:: Your goal ::
Images excepted, the data below must be repeated exactly.

:: Information shown ::
——————————

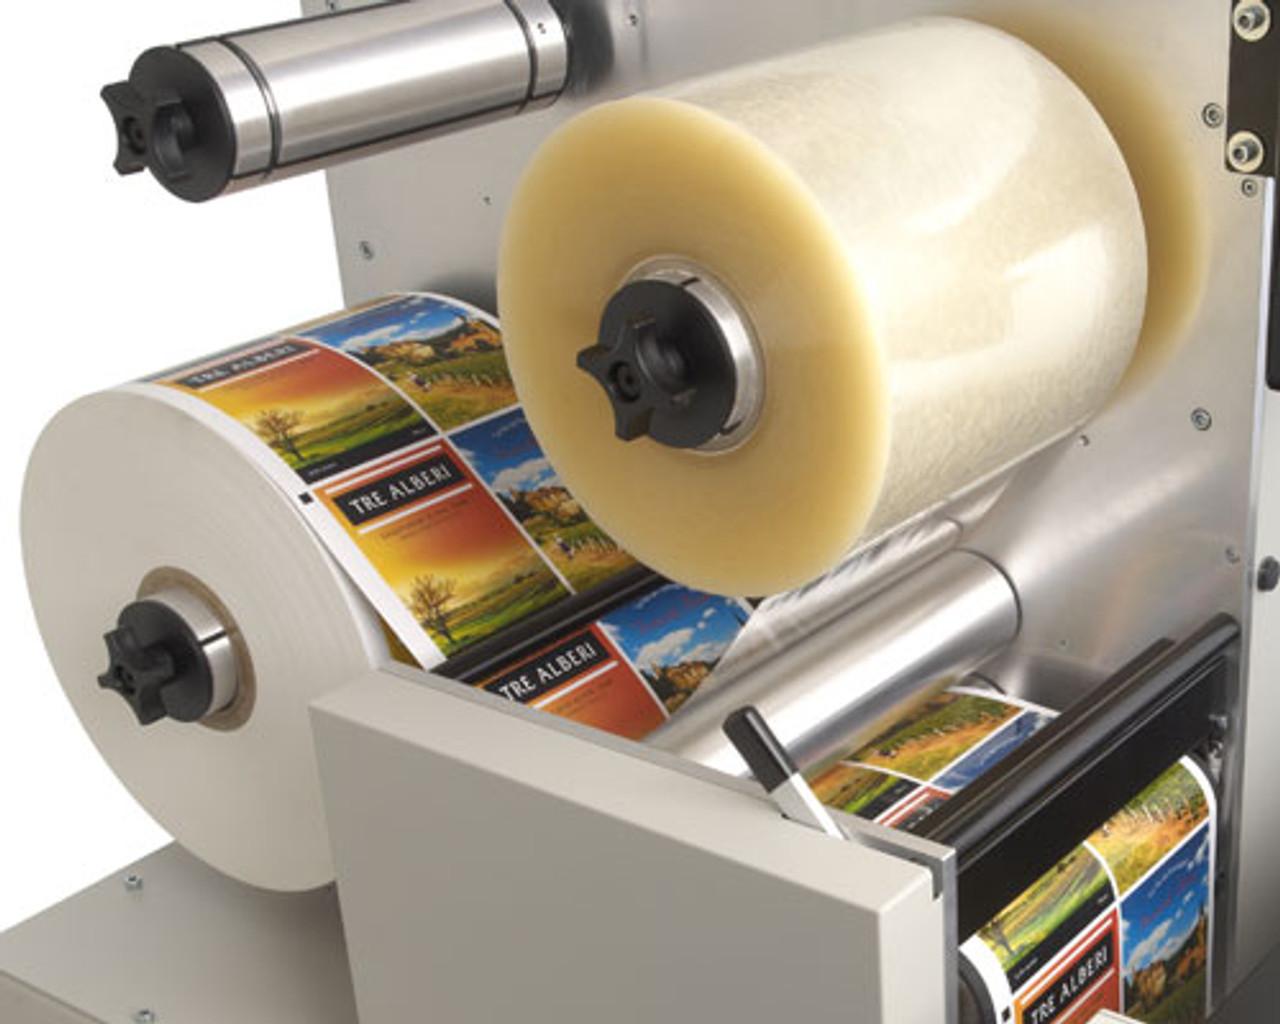 Unwinder & lamination on Primera FX1200 label finishing system
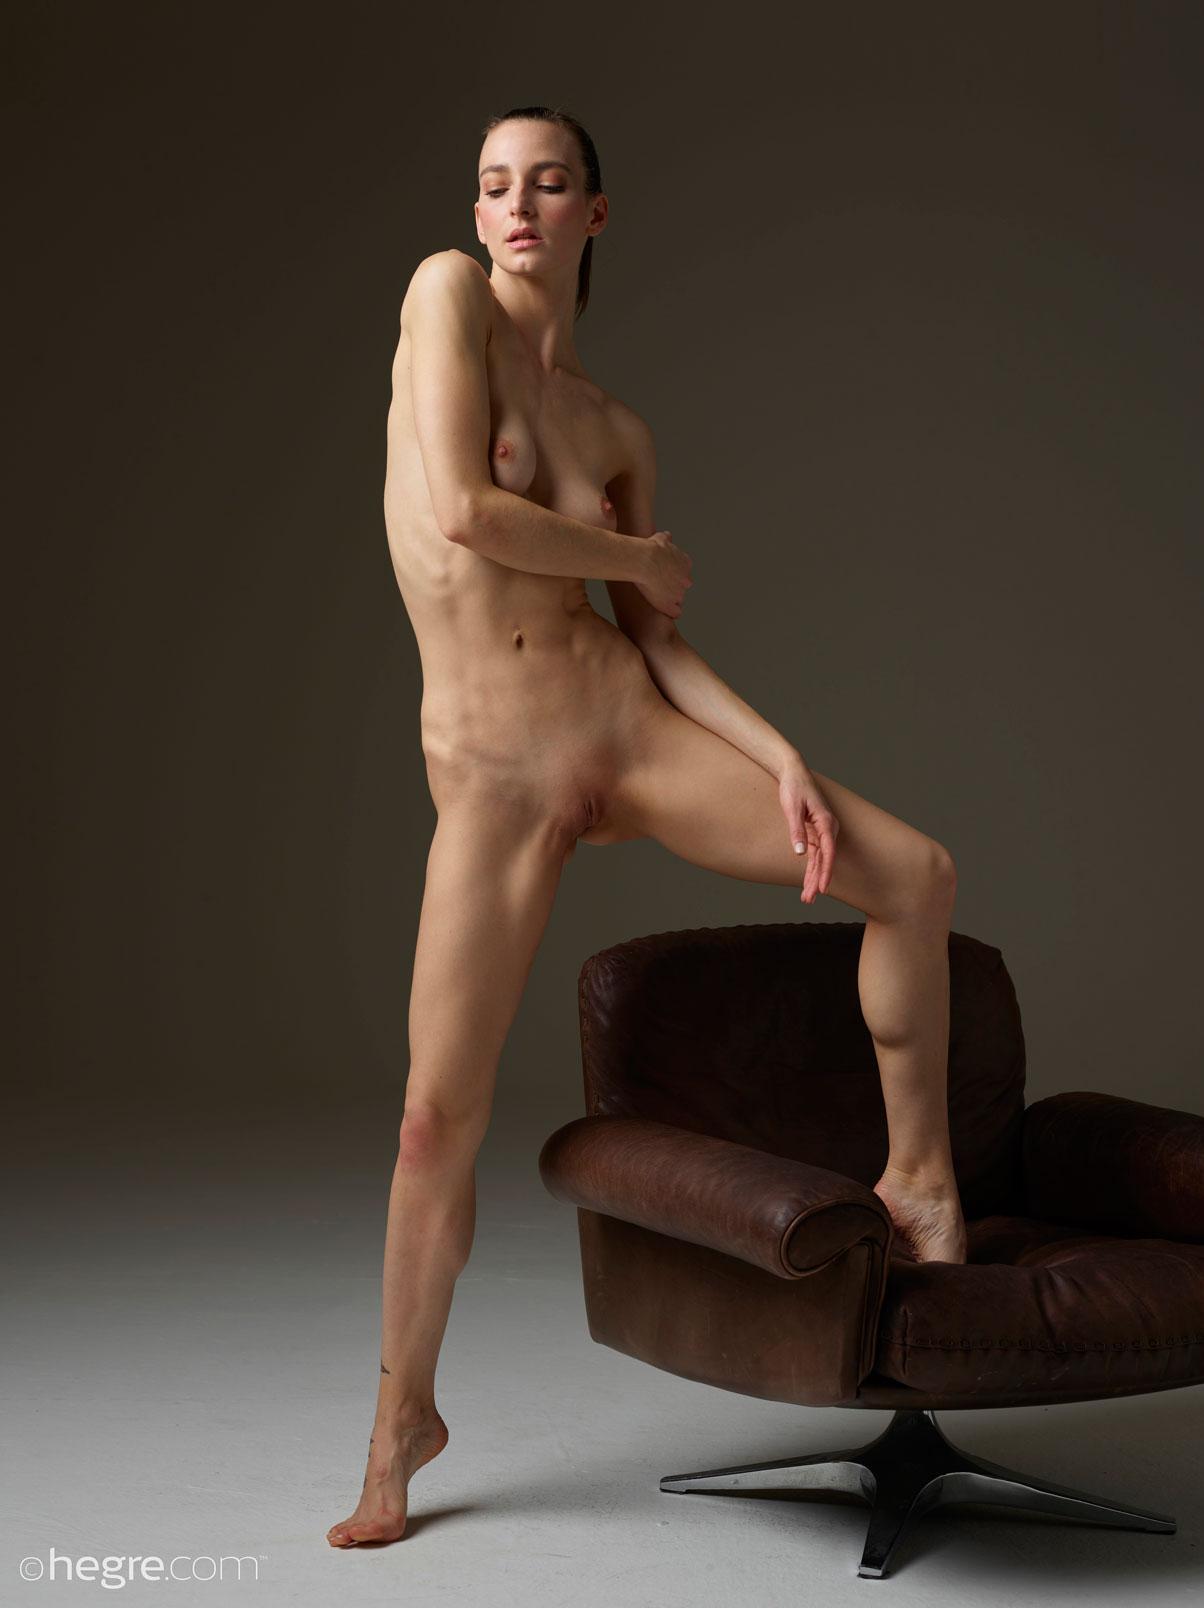 Slut nude gym brunette
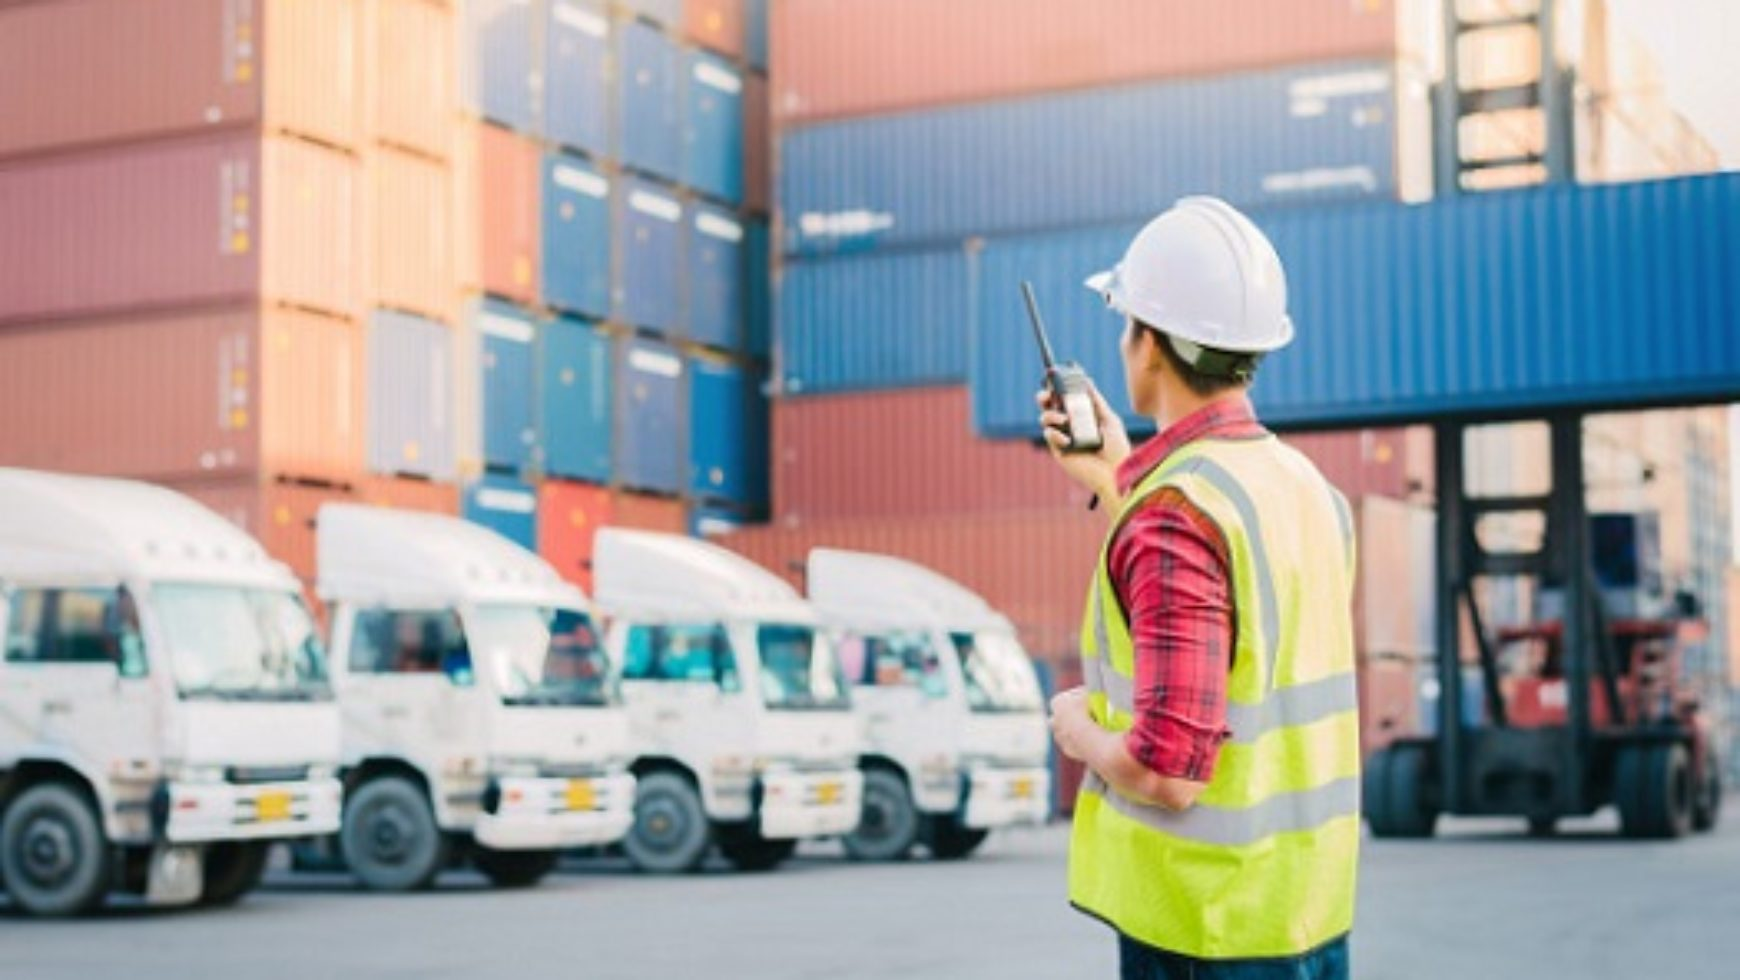 Transporte de mercancías – Excepciones temporales al cumplimiento de las normas de tiempos de conducción

——————————

:: Task output ::
 Unwinder & lamination on Primera FX1200 label finishing system
 Slut nude gym brunette
 Transporte de mercancías – Excepciones temporales al cumplimiento de las normas de tiempos de conducción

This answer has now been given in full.